> Provided entries:
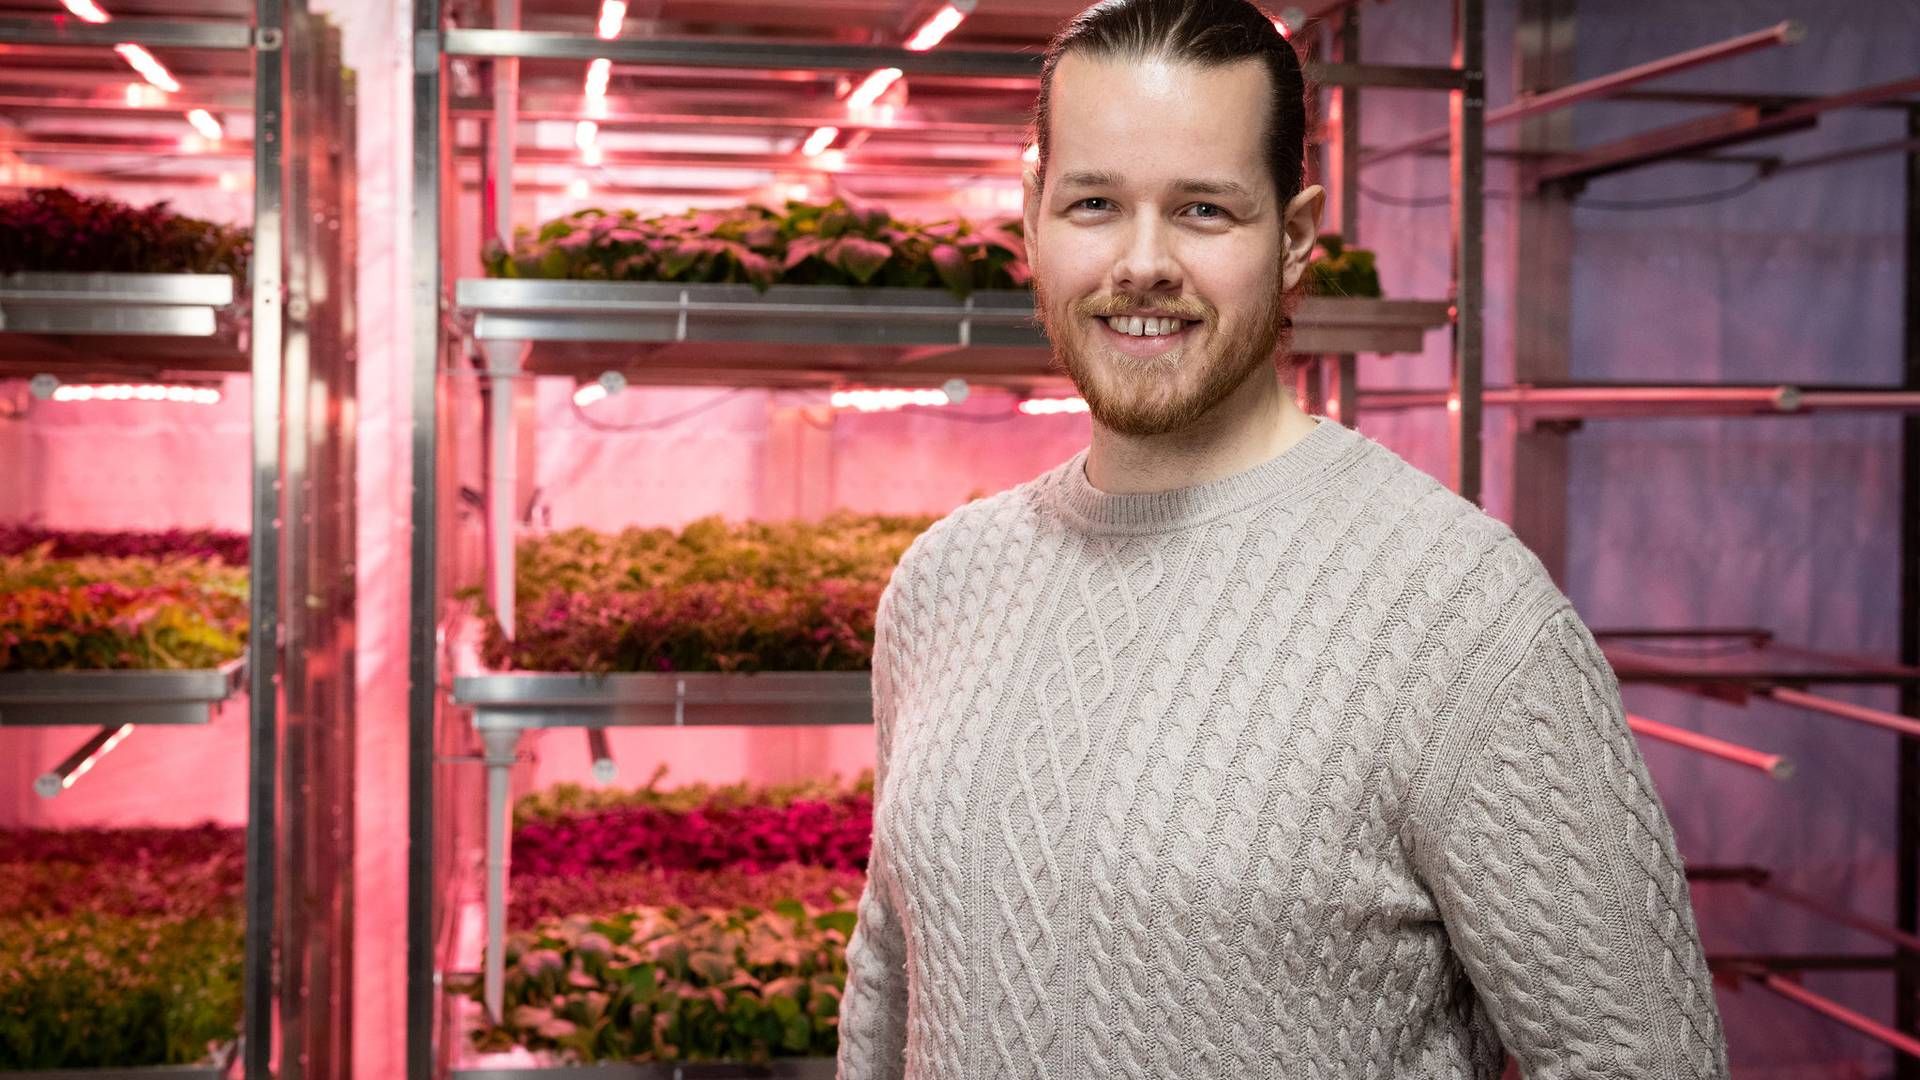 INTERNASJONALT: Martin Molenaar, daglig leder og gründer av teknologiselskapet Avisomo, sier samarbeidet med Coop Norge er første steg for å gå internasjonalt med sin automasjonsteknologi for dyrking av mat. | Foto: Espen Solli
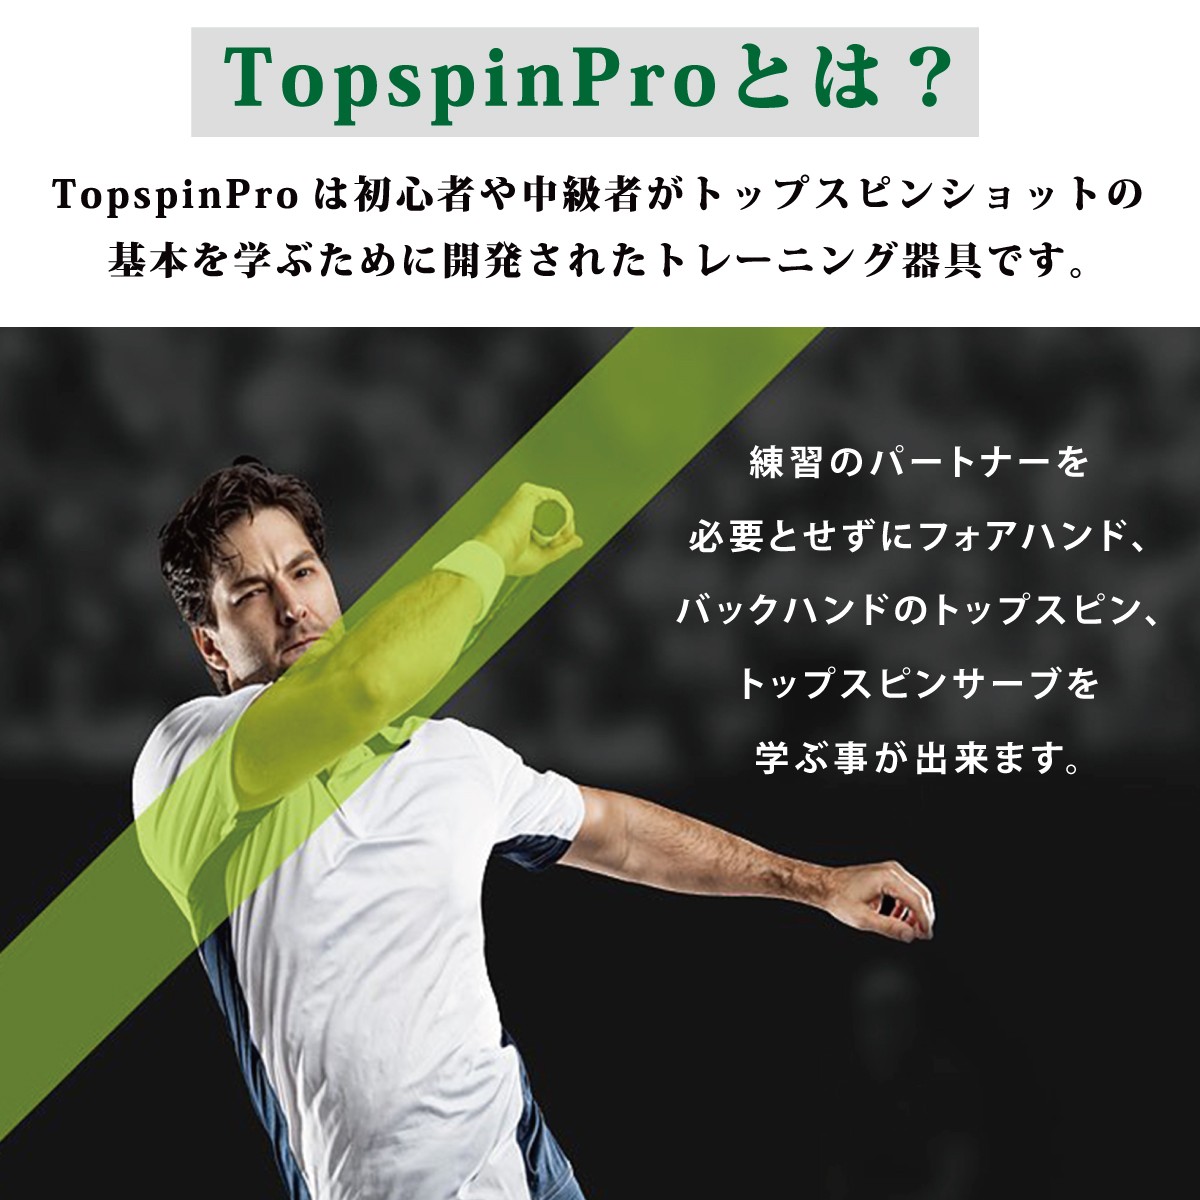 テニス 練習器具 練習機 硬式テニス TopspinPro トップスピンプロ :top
---
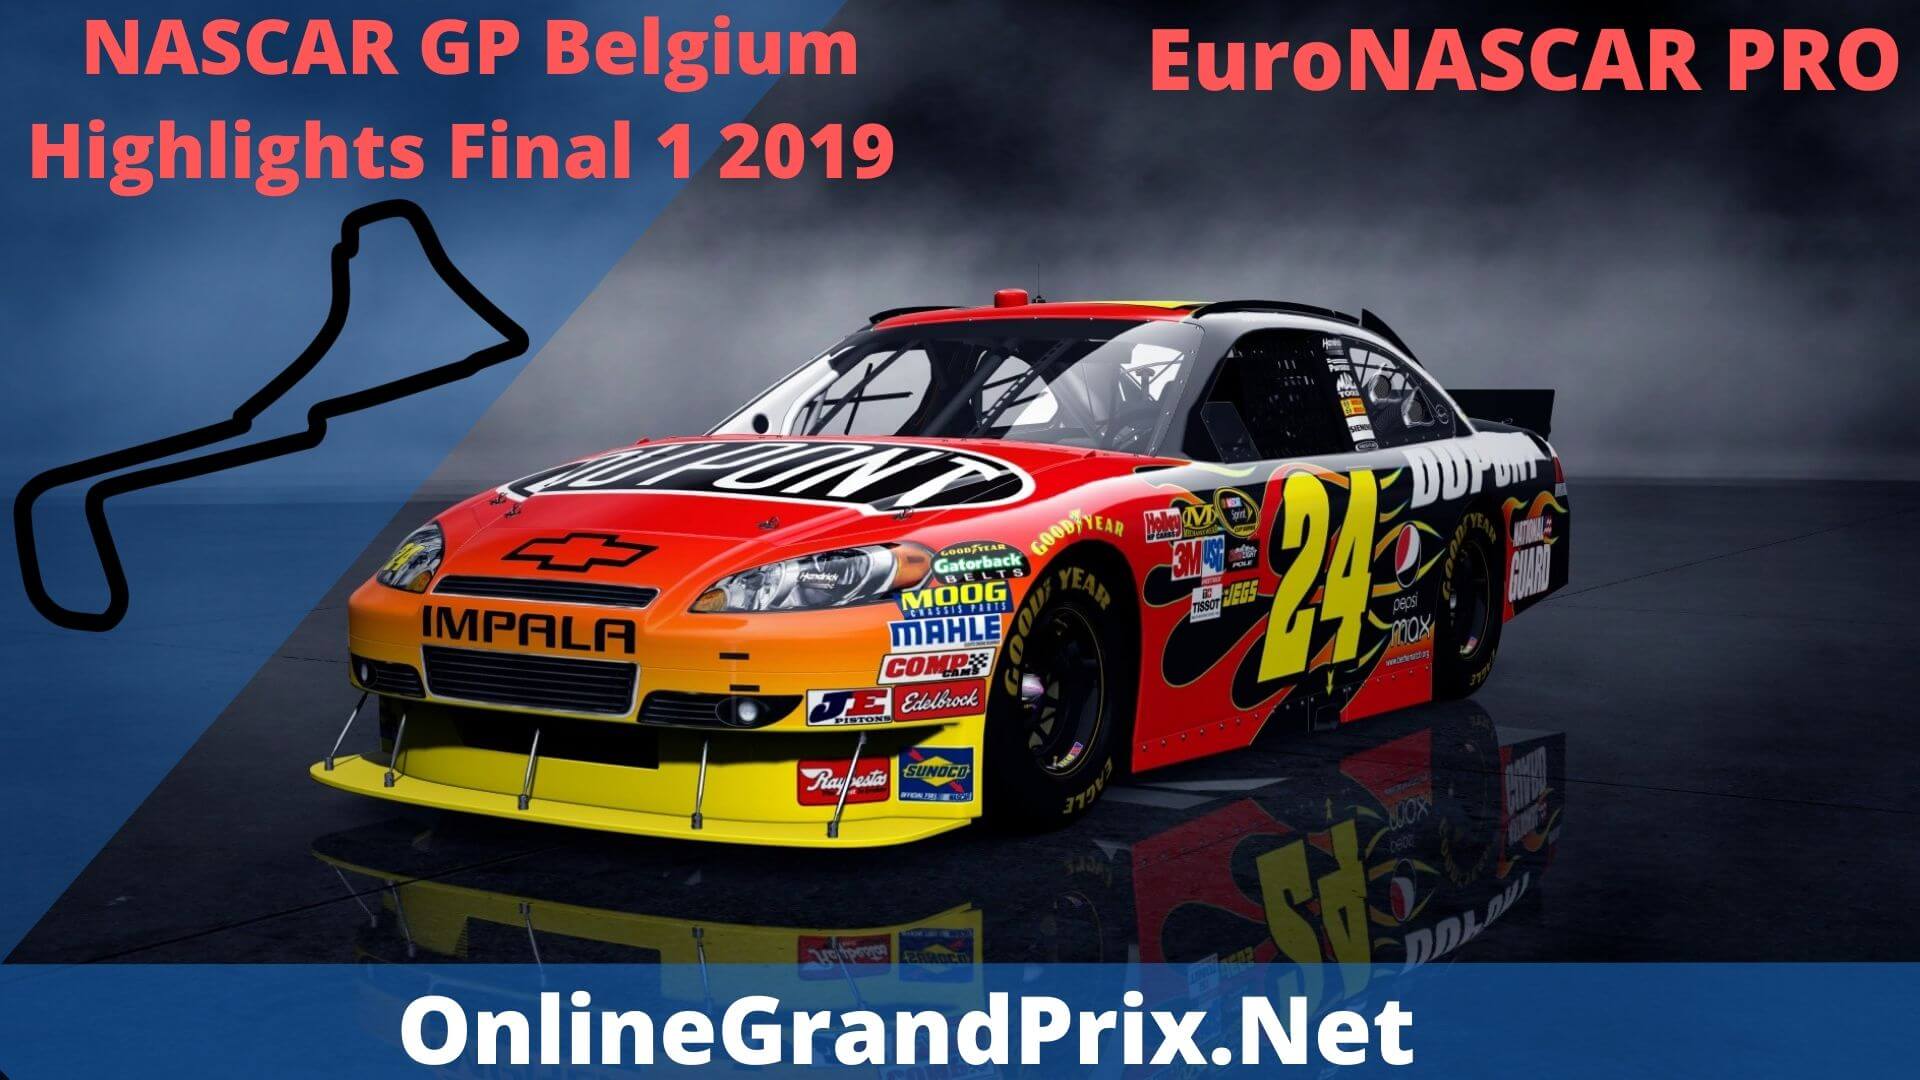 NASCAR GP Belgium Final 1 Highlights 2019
...
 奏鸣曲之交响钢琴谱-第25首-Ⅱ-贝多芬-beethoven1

> Task item: Having found the line with "INTERNASJONALT: Martin Molenaar, daglig" and the line with "テニス 練習器具 練習機 硬式テニス TopspinPro トップスピンプロ :top" in the material above, write out exactly those two and every line between, leaving the pictures out.

> Your solution:
 INTERNASJONALT: Martin Molenaar, daglig leder og gründer av teknologiselskapet Avisomo, sier samarbeidet med Coop Norge er første steg for å gå internasjonalt med sin automasjonsteknologi for dyrking av mat. | Foto: Espen Solli
 テニス 練習器具 練習機 硬式テニス TopspinPro トップスピンプロ :top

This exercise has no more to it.